Evidence was provided by this study to support the RMI as a valid and reliable measure of recovery-related factors. The results from this study demonstrated that, with a community-based sample of consumers, the RMI showed (acceptable internal reliability estimates, unidimensionality as a measure of recovery-related factors, and evidence for concurrent validity in the measurement of consumer recovery and general overall functioning. Since the RMI has been used only with consumers receiving services at community-based mental health centers, it is suggested that similar settings can effectively adopt it. It is also worth notice that several of the indicators included under the RMI have been used on a regular basis to report outcomes to the Federal and State governments. Thus, the RMI can play a dual role by: (a) creating an accountability system for external stakeholders and funders; and (b) helping clinical staff, consumers, and their family members to observe improvements over time.

The RMI represents one of several instruments in the multi-pronged measurement approach undertaken by the Mental Health Center of Denver (MHCD) to understand recovery from mental illness. As described elsewhere (Olmos-Gallo et al. 2012), we have to date developed several instruments to explore recovery from multiple perspectives, in a way that can be easily integrated into clinical practice. The combination of multiple instruments has allowed MHCD staff to develop an outcomes-centered approach to recovery, which has already helped to demonstrate significant improvements. For example, since MHCD started to track recovery, with use of the RMI and CRM (Lusczakoski et al. 2013), staff of the two succeed in Employment program has reported a significant increase (38 %) in employment status (Olmos-Gallo et al.), and over 25 % obtained employment within 8 months of enrollment in the program. Approximately 55 % of the consumers in the same program increased their interest in education/learning activities (Outcomes Quarterly, Fall 2010).

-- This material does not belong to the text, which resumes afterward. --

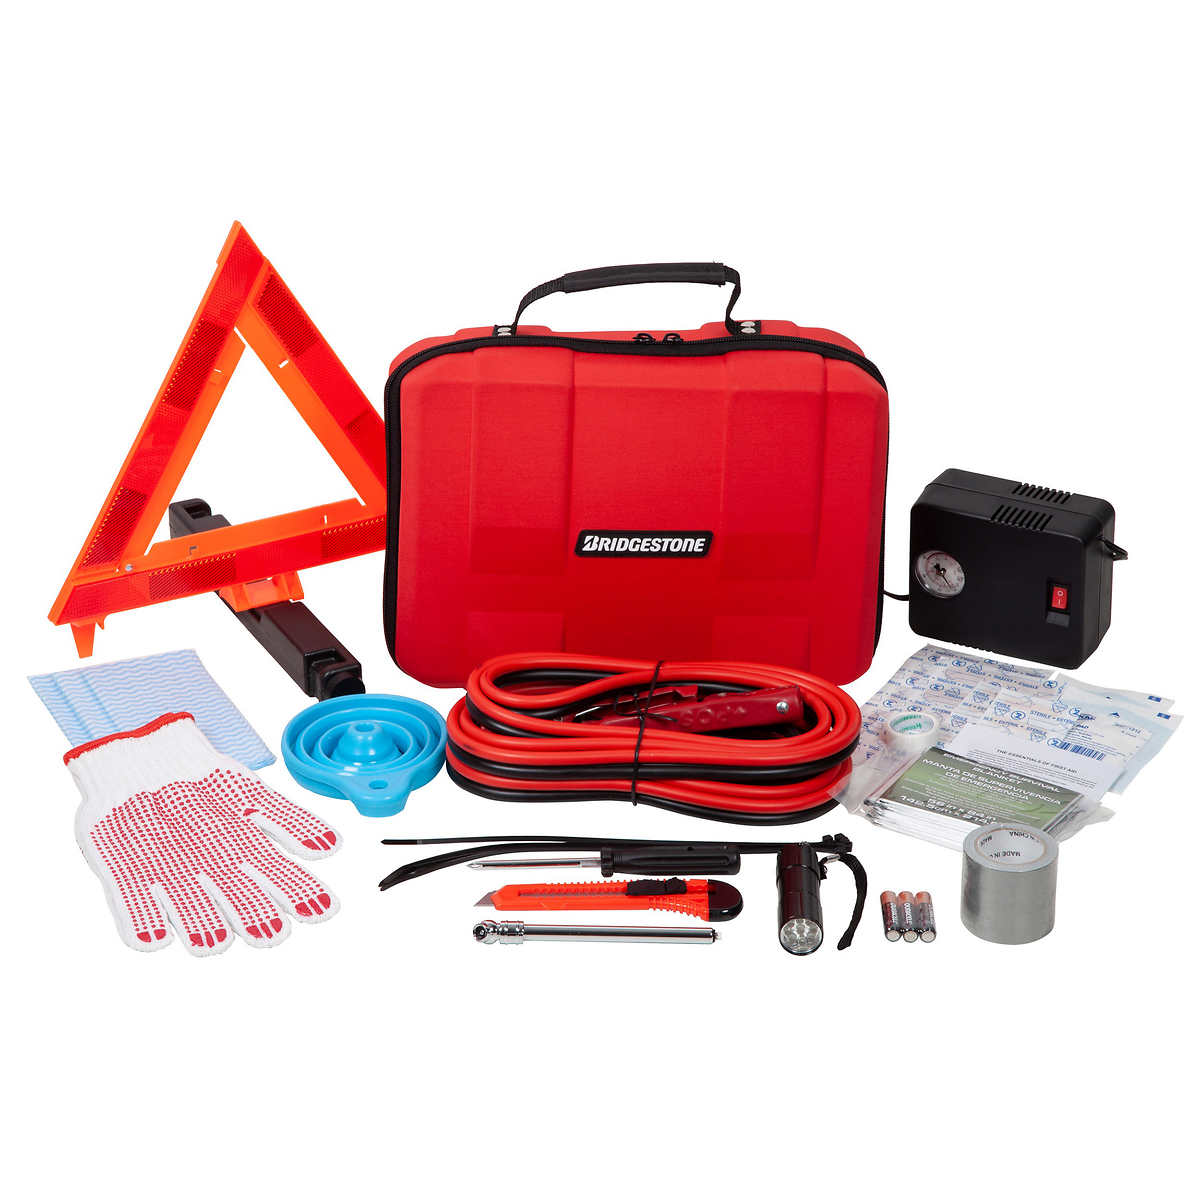 Premium Automotive Emergency Kit
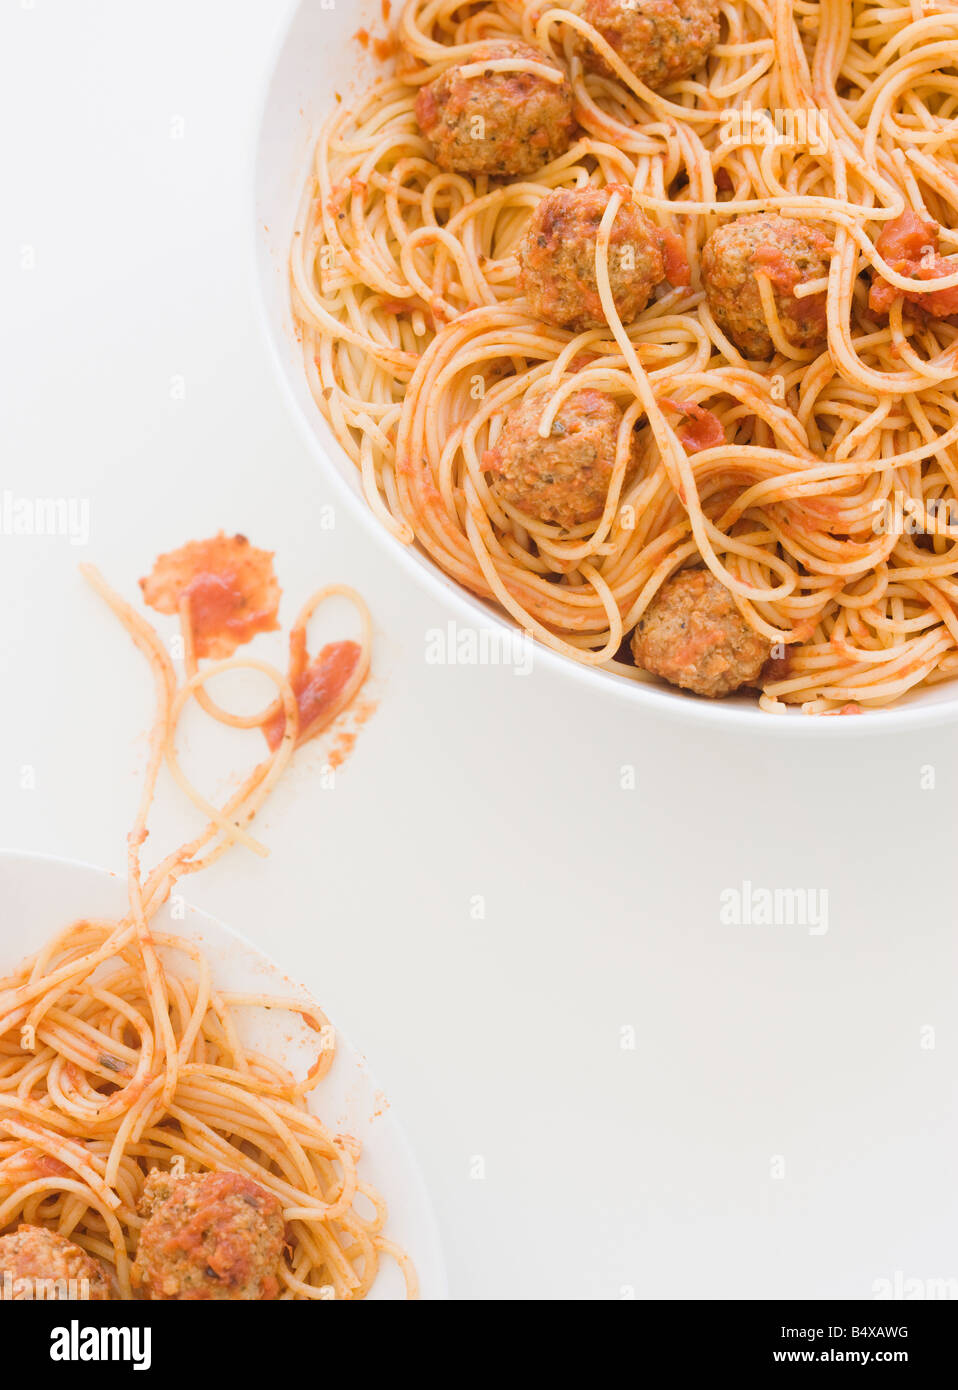 Messy spaghetti and meatballs Stock Photo

The MHCD multi-measure approach has been used to develop a holistic approach toward recovery that takes into account the fact that recovery happens over time, and that there is always the possibility of relapse (Olmos-Gallo and DeRoche 2010). We have developed models with use of hierarchical linear modeling (Raudenbush and Bryk 2002), which can accommodate the hierarchical nature of the longitudinal data collected,Footnote 2 in order to explore the nature of change over time and the potential impact of program characteristics (e.g., modality, intensity) or background variables (e.g., gender, ethnicity, diagnostic). More recently, we have added the use of statistical control charts (Montgomery 2008) that allow multiple stakeholders (e.g., managers, clinicians, consumers) to monitor and provide feedback on consumers’ progress as they move forward in their recovery. Outcomes information is combined with other relevant information (e.g., diagnosis, demographic) in a dashboard that presents it in a user-friendly manner. The combination of valid and reliable recovery-outcome measures, development of predictive models, and statistical control charts has helped MHCD staff to monitor clinical data with an emphasis on quality improvement (McLean et al. 2010).

More importantly, being able to measure recovery from different perspectives allows the staff to ask questions that can help them in their practice. For example: Are medications just relieving symptoms, or helping people improve? Are there some interventions that are better suited to consumers with specific characteristics? What kinds of services help the most when it comes to improving the lives of those with a severe and persistent mental illness? What is the impact of hope in recovery? The answer to these and similar questions will not be possible in the absence of valid and reliable instruments to measure recovery-based outcomes. In this study, we have shown that the RMI holds promise as a reliable and valid measure of factors associated with recovery from mental illness that can be used to answer such questions.